**Assignment**
When the line containing "El llanto de" appears in the entries below, begin printing there and stop after the line containing "renderings-b-3.jpg"; print each of those lines exactly and no other line.

**Given records**
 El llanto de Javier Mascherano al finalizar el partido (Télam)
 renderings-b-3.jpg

==

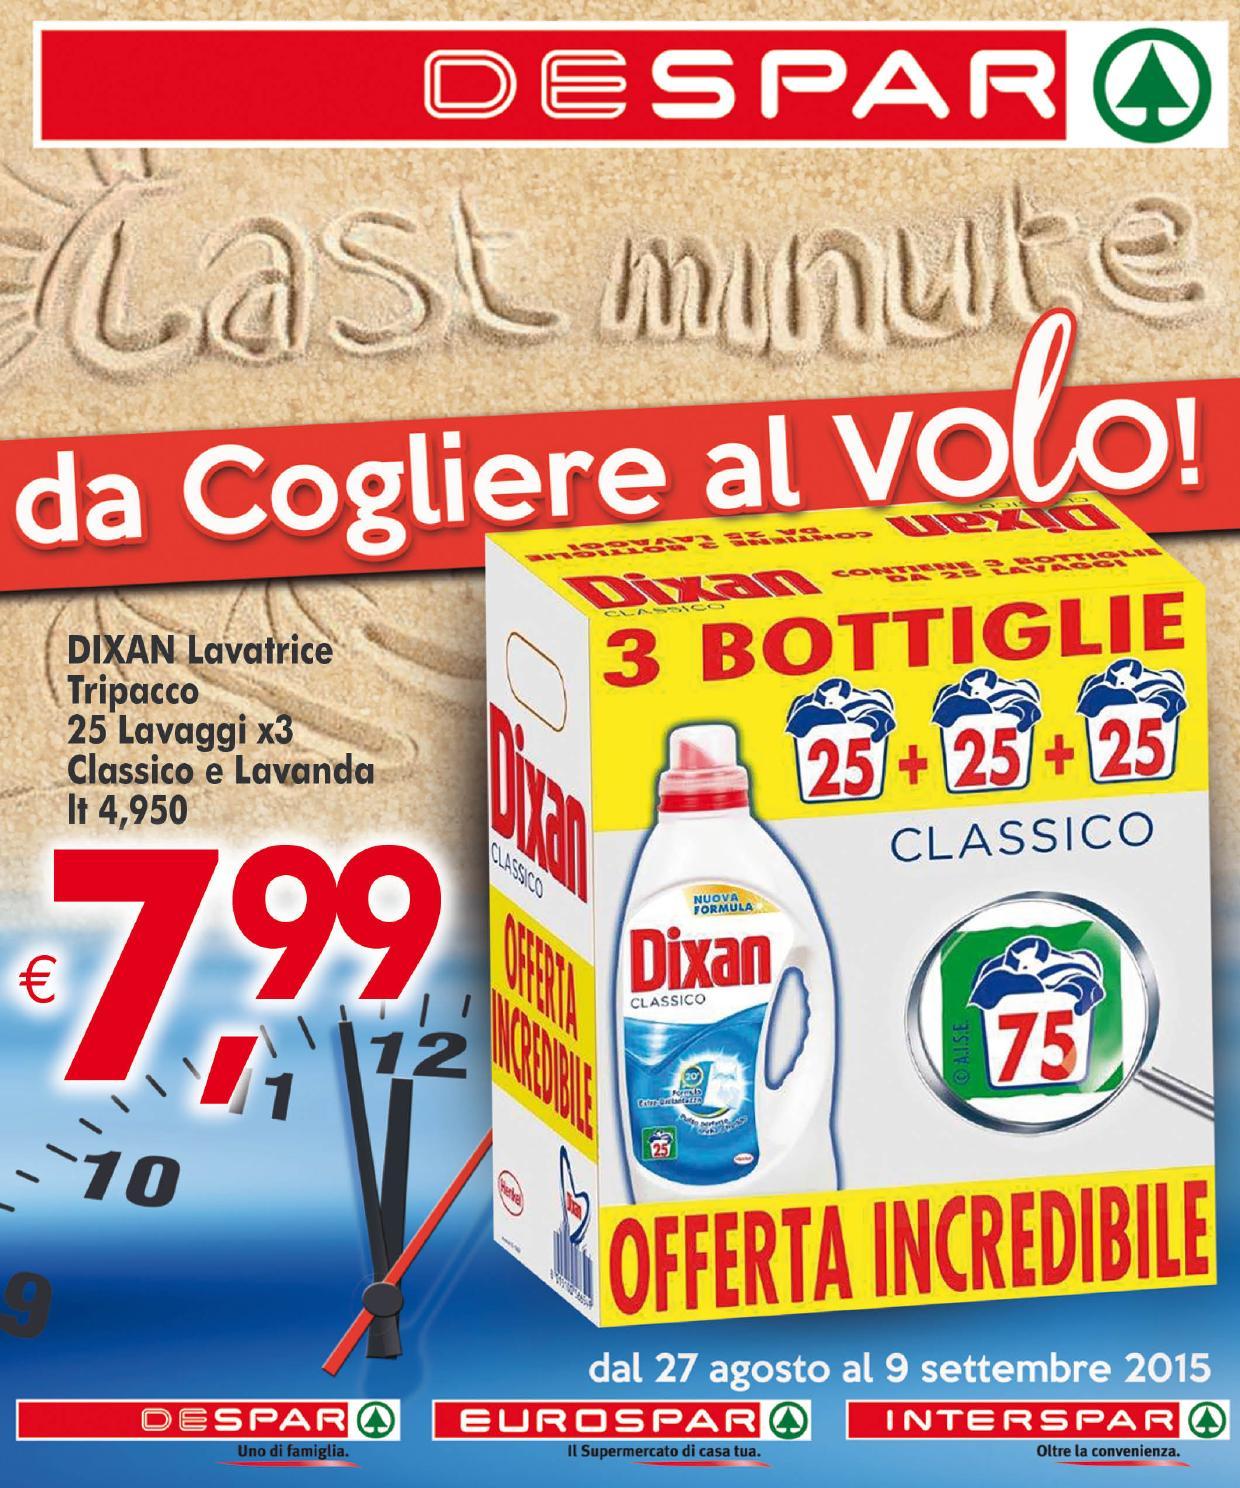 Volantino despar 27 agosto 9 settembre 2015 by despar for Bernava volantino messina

**Answer to the exercise**
 El llanto de Javier Mascherano al finalizar el partido (Télam)
 renderings-b-3.jpg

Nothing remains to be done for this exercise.